Iraq has seen many attacks on churches in recent years.

BAGHDAD, IRAQ (BosNewsLife)– Thousands of Christians and other residents began fleeing Mosul on Tuesday, May 10, after Islamic militants overran much of Iraq’s second largest city, “killing hundreds” while seizing churches and government buildings.

As many as 150,000 people were trying to escape Mosul amid appeals for prayers and warnings that this may be the last exodus of what was a Christian stronghold. “What we are living and what we have seen over the last two days is horrible and catastrophic,” Najeeb Michaeel, a Dominican priest, wrote from Mosul.

He confirmed that gunmen of the ‘Islamic State of Iraq and the Levant’ (ISIL), who are inspired by terror group al-Qaida, took over churches after pushing out security forces and capturing military vehicles.

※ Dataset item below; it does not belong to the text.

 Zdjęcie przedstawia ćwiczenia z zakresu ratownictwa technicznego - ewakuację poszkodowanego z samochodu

“The priory of Mar Behnam [Monastery] and other churches fell into the hands of the rebels this morning. . .and now they have come here and entered Qaraqosh five minutes ago, and we are now surrounded and threatened with death . . . pray for us,” he added in comments monitored by BosNewsLife.


“Many thousands of armed men from the Islamic Groups of Da’ash [ISIL] have attacked the city of Mosul for the last two days. They have assassinated adults and children. The bodies have been left in the streets and in the houses by the hundreds, without pity,” he said.

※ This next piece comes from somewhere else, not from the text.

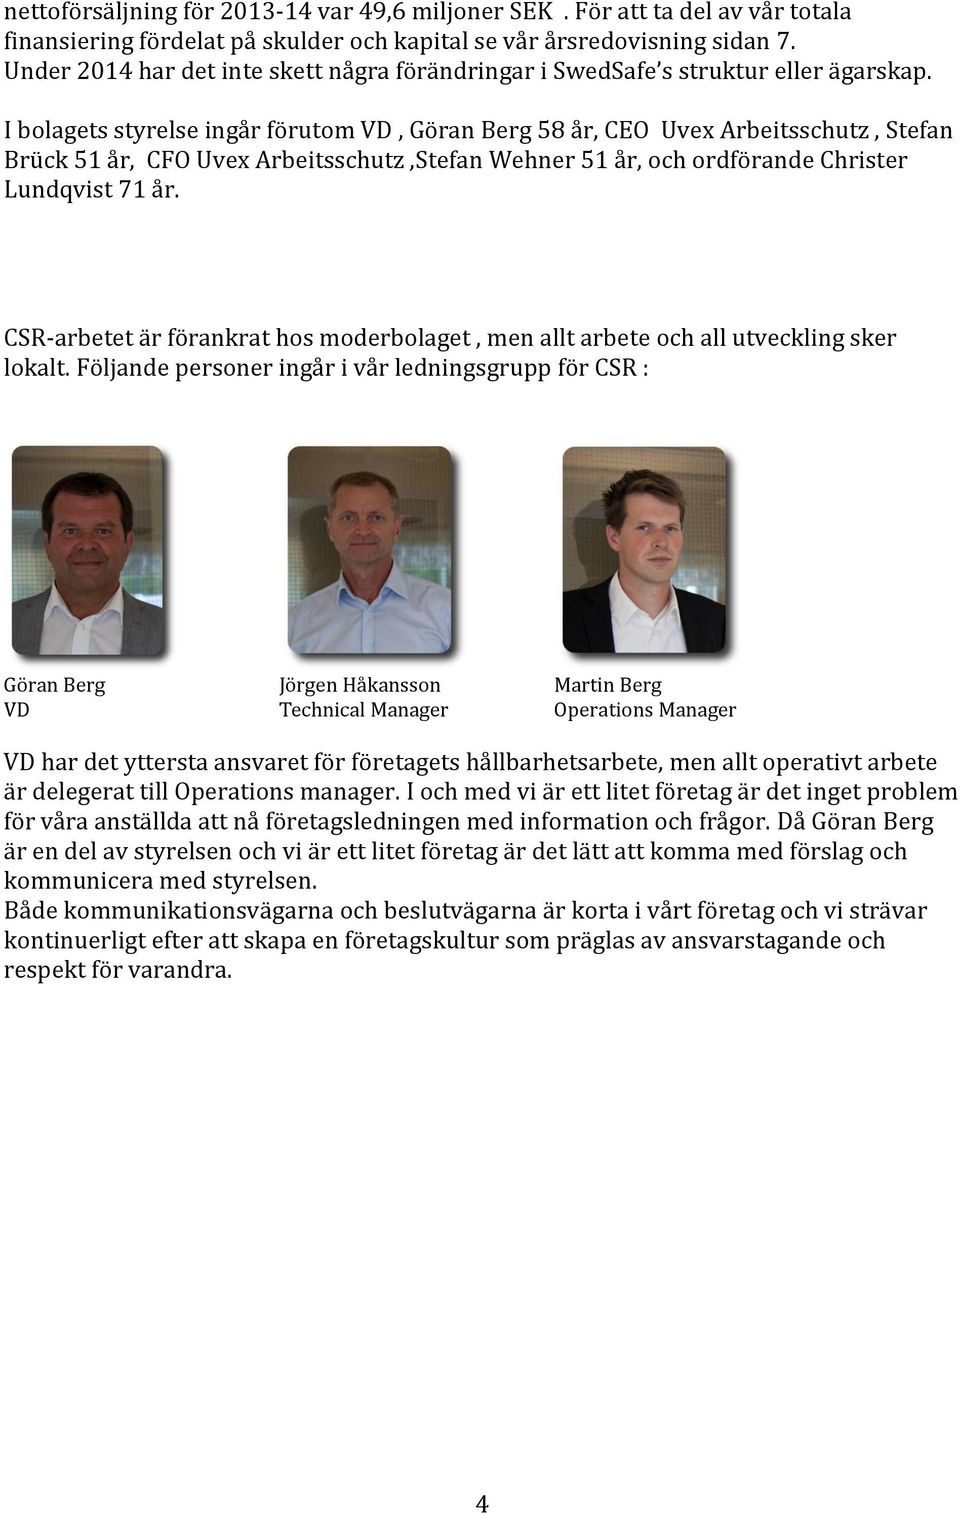 I bolagets styrelse ingår förutom VD, Göran Berg 58 år, CEO Uvex Arbeitsschutz, Stefan Brück 51 år, CFO Uvex Arbeitsschutz,Stefan Wehner 51 år, och ordförande Christer Lundqvist 71 år.

“The regular forces and the army have also fled the city, along with the governor.” The exact death toll was not immediately clear amid confusion and chaos.

“Christian families are terrified. I was able to make my wife and children leave Mosul, but now I am stuck in the house and can’t move,” a Christian man reportedly said, as fighting continued.

Militants reportedly took 70 female students hostage at the University of Mosul, and took 28 Turkish truck drivers hostage in the city. About 3,000 prisoners were said to have been freed from the main jails.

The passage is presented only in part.